5. Partial Indemnification. If JOYCE is entitled under any provision of
this Agreement to indemnification by the Company for some portion of any
Payments, but not, however, for the total amount thereof, the Company shall
nevertheless indemnify JOYCE for the portion of any such Payments to which JOYCE
is entitled.

6. Right Not Exclusive. The rights to indemnification and advancement of
expenses provided hereunder shall not be deemed exclusive of any other rights to
which JOYCE may be entitled under any bylaw, agreement, vote of stockholders or
disinterested directors or otherwise as to action in JOYCE's official capacity
or as to action in another capacity while holding such office.

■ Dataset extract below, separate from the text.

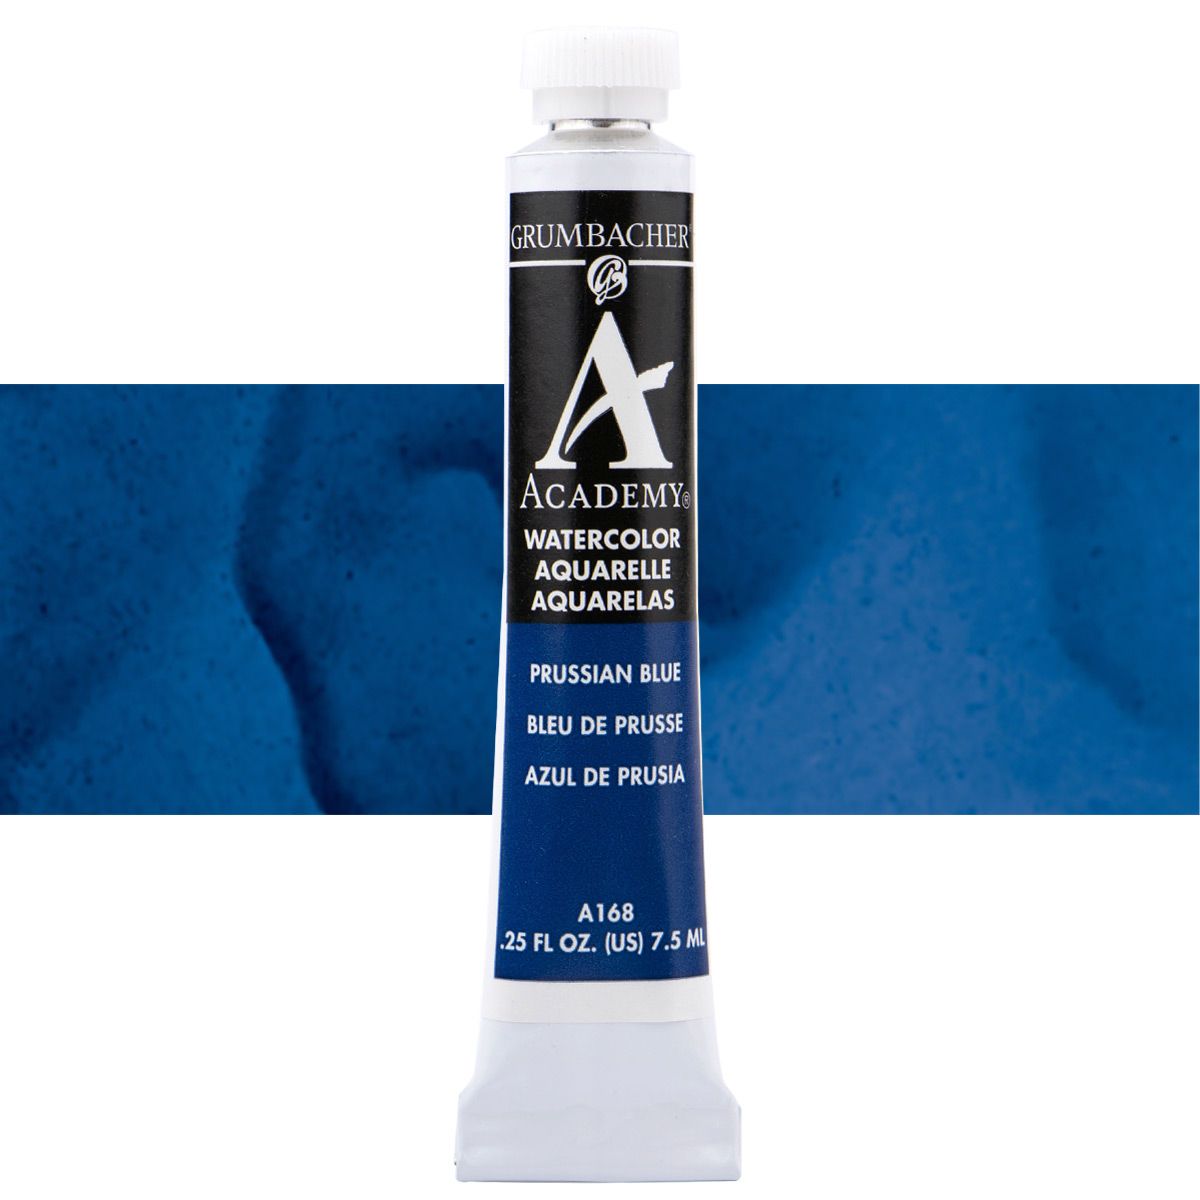 Grumbacher Academy Watercolor, Prussian Blue - 7.5 ml Tube

7. Subrogation. In the event of payment under this Agreement by or on
behalf of the Company, the Company shall be subrogated to the extent of such
payment to all of the rights of recovery of JOYCE, who shall execute all papers
that may be required and shall do all things that may be necessary to secure
such rights, including, without limitation, the execution of such documents as
may be necessary to enable the Company effectively to bring suit to enforce such
rights.

8. Notice of Claim. Promptly after receipt by JOYCE of notice of the
commencement or threat of commencement of any civil, criminal, administrative or
investigative Suit, JOYCE shall, if indemnification with respect thereto may be
sought from the Company under this Agreement, notify the Company thereof in
writing at its principal office and directed to the Corporate Secretary (or such
other address as the Company shall designate in writing to JOYCE); notice shall
be deemed received if sent by prepaid mail properly addressed, the date of such
notice being the date postmarked. In addition, JOYCE shall give the Company
such information and cooperation as it may reasonably require and as shall be
within JOYCE's power.

9. Choice of Law. This Agreement shall be governed by and construed and
enforced in accordance with the laws of the State of Nevada, without giving
effect to the principals of conflict of laws thereunder.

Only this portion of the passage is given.